* WHAT TO WORK ON: Leave out the pictures, and retype the remaining data exactly.

* DATA BLOCK:

-.-.-

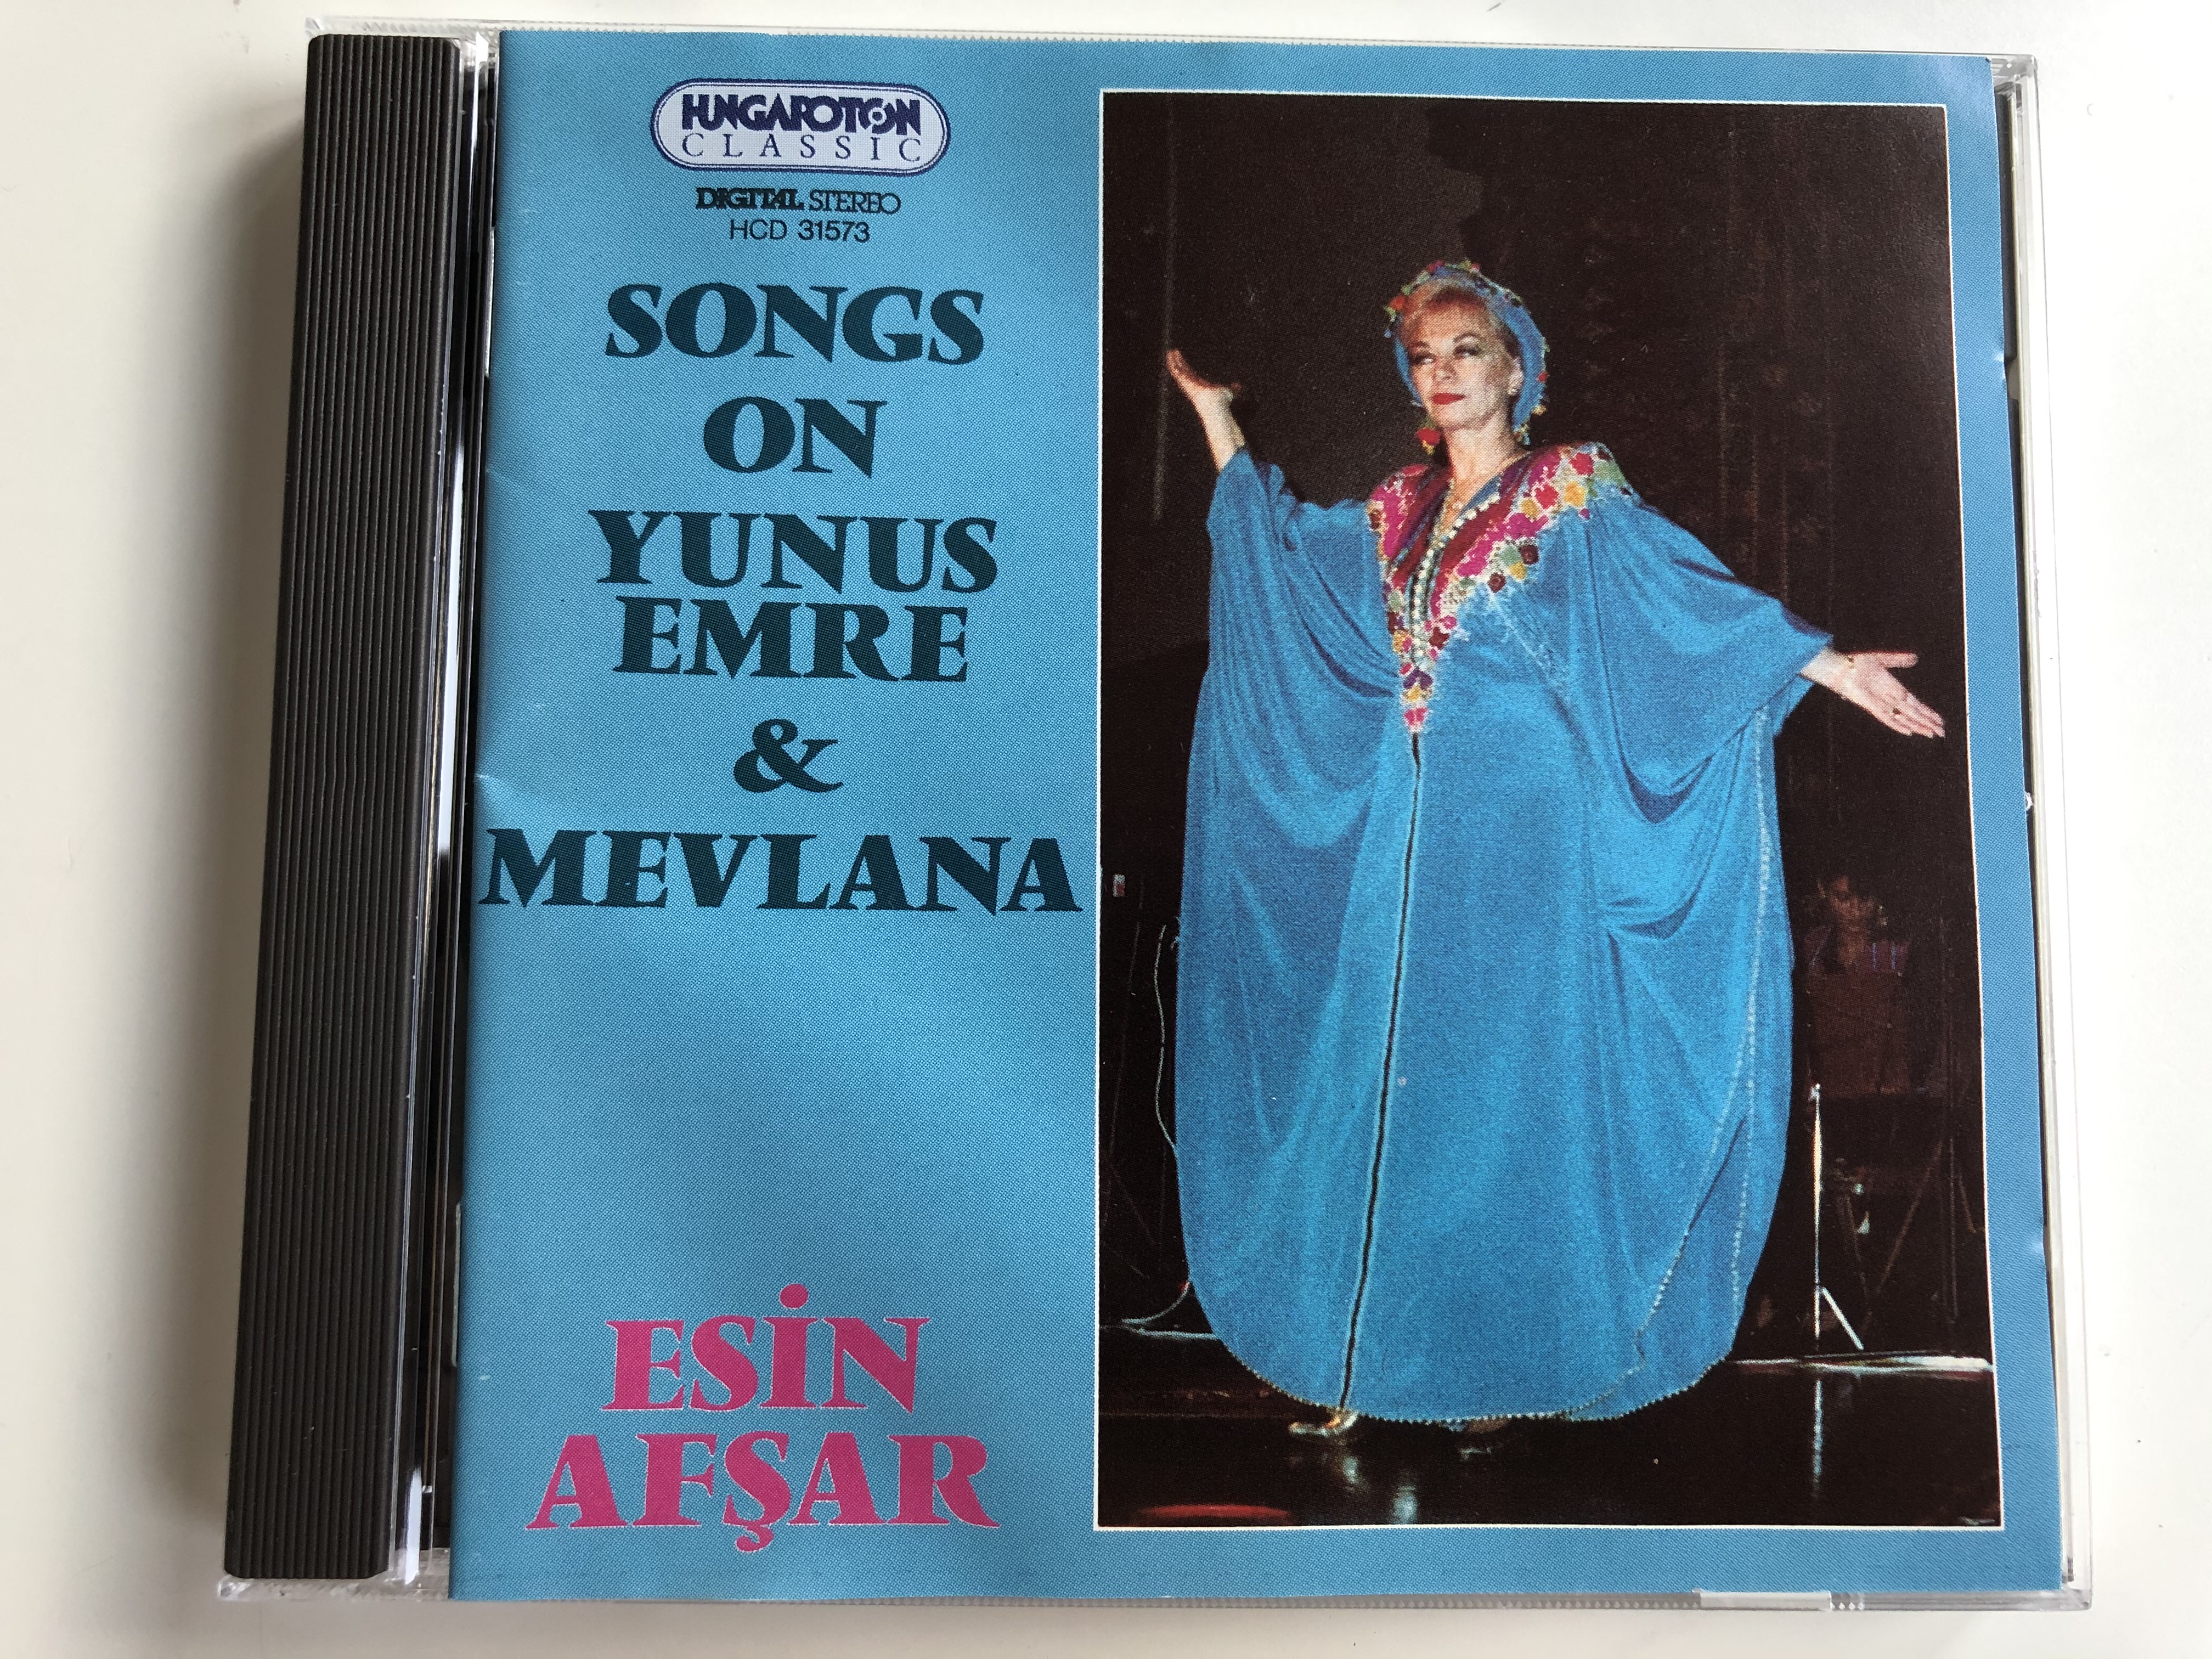 songs-on-yunus-emre-mevlana-esin-afsar-hungaroton-classic-audio-cd-1994-stereo-hcd-31573-1-.jpg
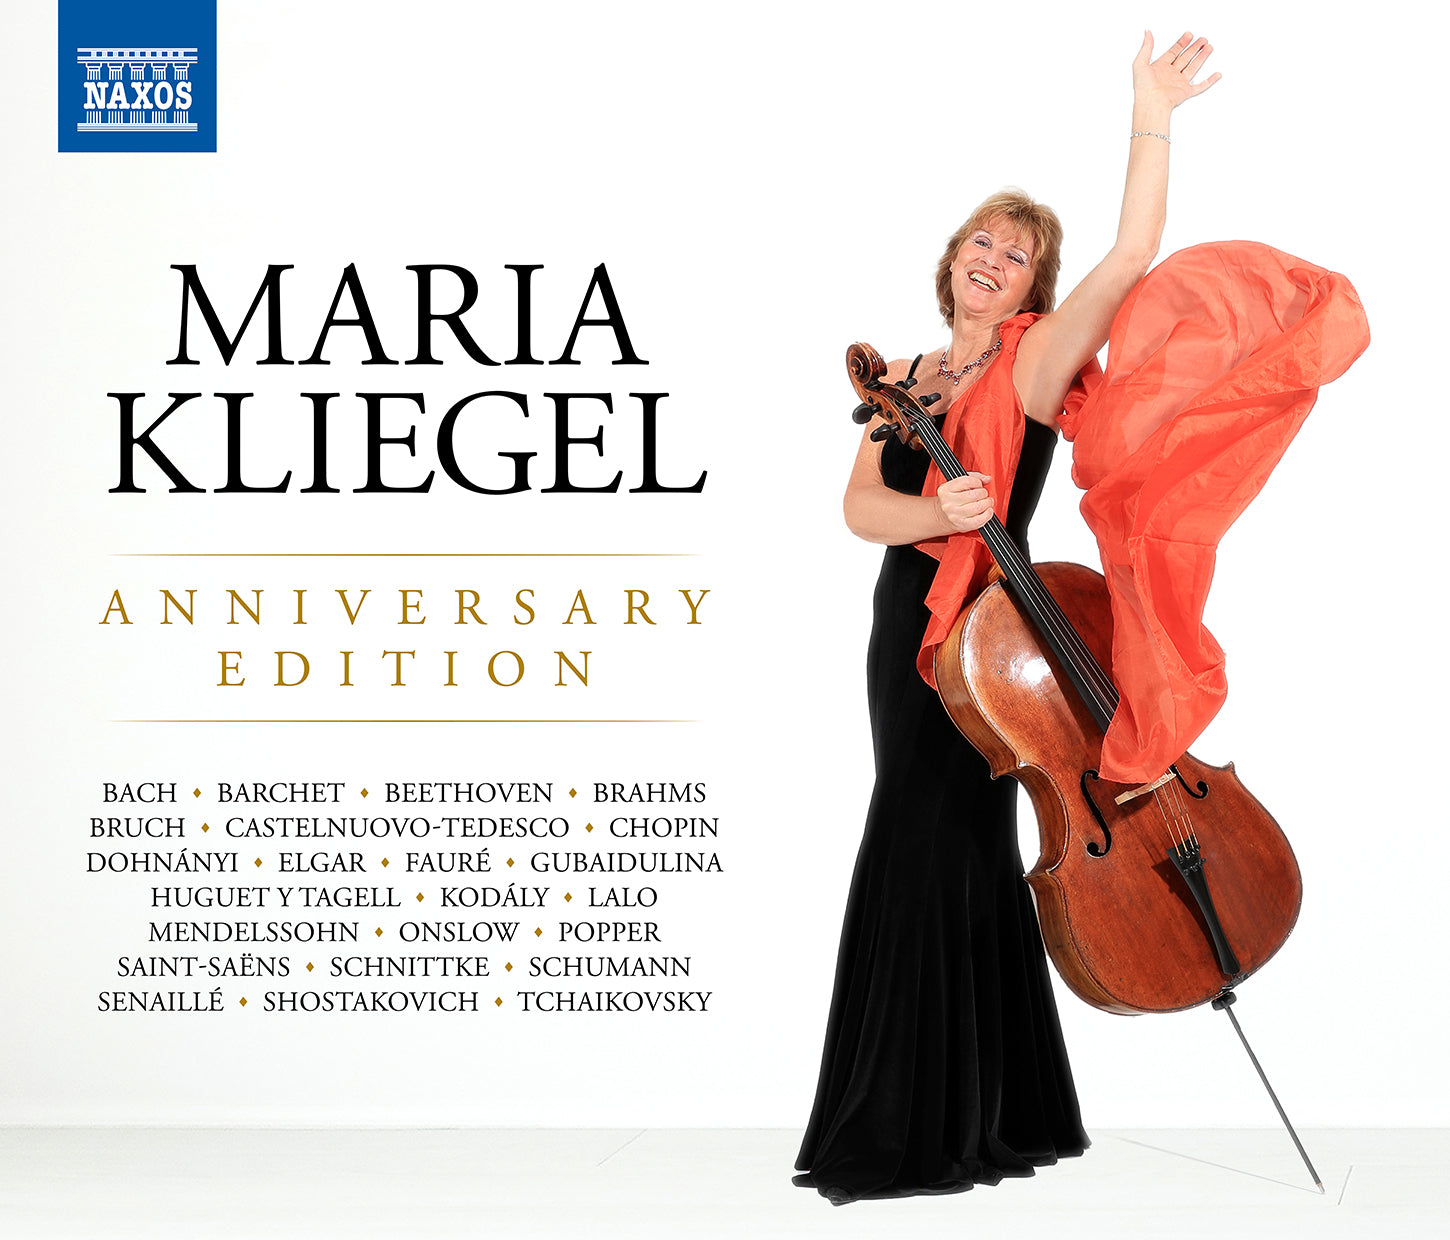 Maria Kliegel 70th Anniversary Edition
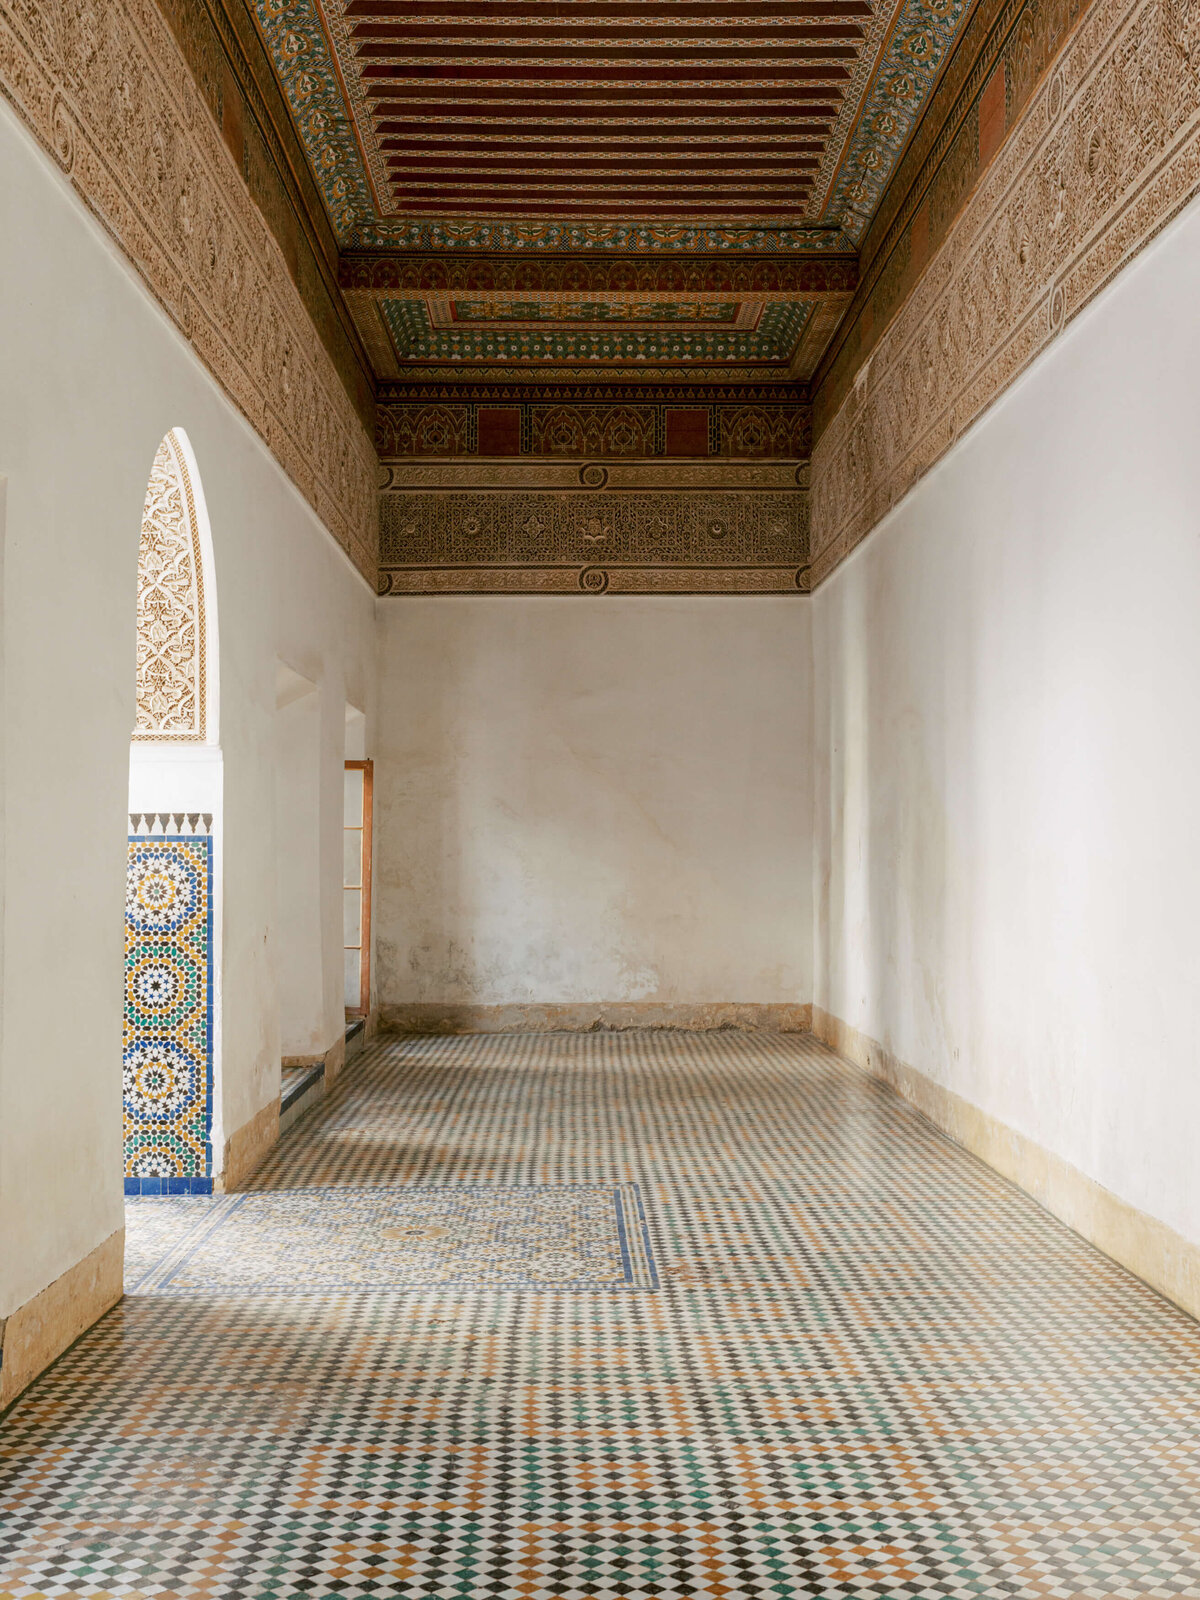 074-Morocco Editorial Travel Photographer

-.-.-

* RESPONSE AREA:
 songs-on-yunus-emre-mevlana-esin-afsar-hungaroton-classic-audio-cd-1994-stereo-hcd-31573-1-.jpg
 Maria Kliegel 70th Anniversary Edition
 074-Morocco Editorial Travel Photographer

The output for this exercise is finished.